We also believe that the community should have a more profound education on wildlife. When going to a zoo, most people do not know what they are looking at or are not aware that there are a number of other species and their subspecies that exist in the world, with only subtle variations of those most obvious features. This is why BICE has come to an extensive list of nature-focused, on-site schools and programs at each facility.

- On-Site Nature Preschools (similar to the Environmental Nature Center (ENC) of Newport Beach, CA and the Will Smith Zoo School at the San Antonio Zoo in San Antonio, TX).

- After-School Programs (in coordination with local schools and school bussing transportation).

- Nature Summer Day-Camps (similar to 'zoo camps') and park sleepovers.

- College/University Internship and Exchange Programs in cooperation with the individual schools.

- Private or public art classes.

- A trade/vocational school for adults interested in zoo animal care and management.

- A joint animal care and management program in cooperation with local colleges or universities.

- Citizen Science Classes (local citizens participate in scientific research projects under the direction of a professional scientist).

- Each BICE facility on an annual basis will offer a group trip to a locality where taxa at collection are native. There will be citizen science instruction on the trip.

- Lectures, debates, panel discussions, related documentary films, art and photography classes and citizen science classes hold within our facilities.

We will also offer customized guided tours from a list of topics that you and/or your group can choose from. These tours would be given by an education specialist, on-site animal care and management trade schools which would qualify students for employment as an animal keeper at the institute where the course was taken.

BICE facilities will offer both domestic and foreign guided group travel experiences to relevant wilderness areas where taxa featured at that facility are native.

ENTERTAINMENT

Depending upon the size of the facility, a food court, coffee shop, snack shop or vending area will be available. Most BICE facilities will offer a unique dining experience with an on-site restaurant featuring views of at least one of the animal taxa within the collection.

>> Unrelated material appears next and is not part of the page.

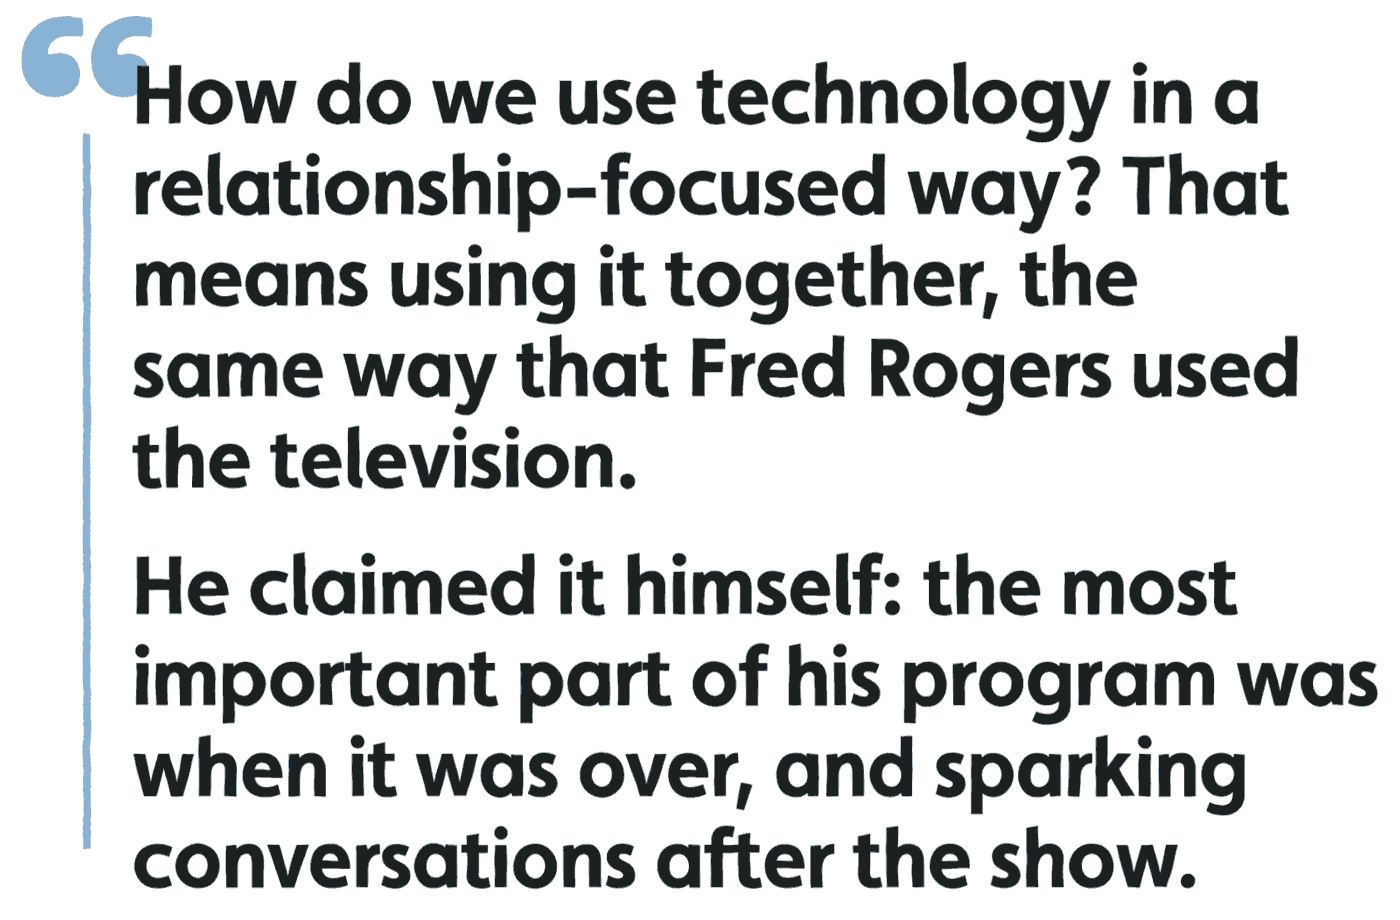 How do we use technology in a relationship-focused way? That means using it together, the same way that Fred Rogers used the television. He claimed it himself: the most important part of his program was when it was over, and sparking conversations after the show.
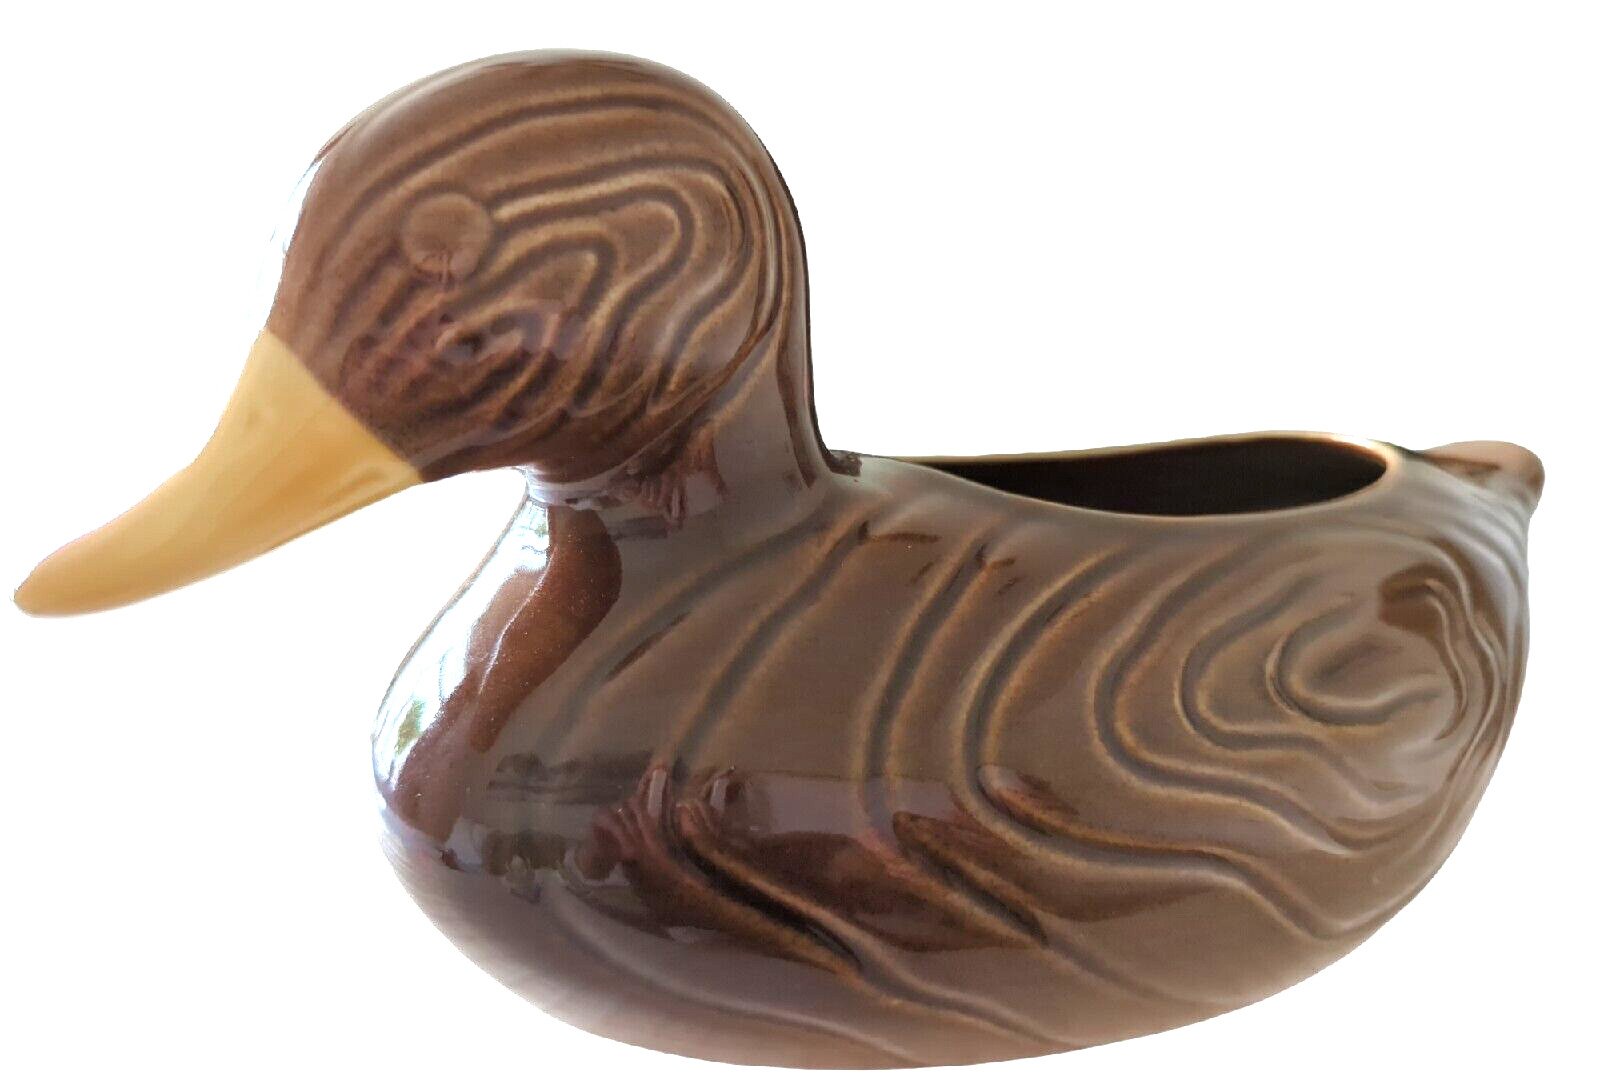 Vintage Duck Planter Brown Glazed Ceramic Created For FTD™ In The USA 1983 Clean

Menu items will be based on recipes submitted by members of the local community, using organic, locally grown (farmed and ranched) ingredients as well as a menu for culinary creations from the regions to which animals in the collection are native.

Our facilities will have event and entertainment opportunities in the form of concerts (with special native/cultural music) held in the lecture hall, event bookings (weddings, birthdays, bar mitzvahs, memorial services, corporate events, twelve step meetings etc.) in designated areas where animals and guests will not be disturbed.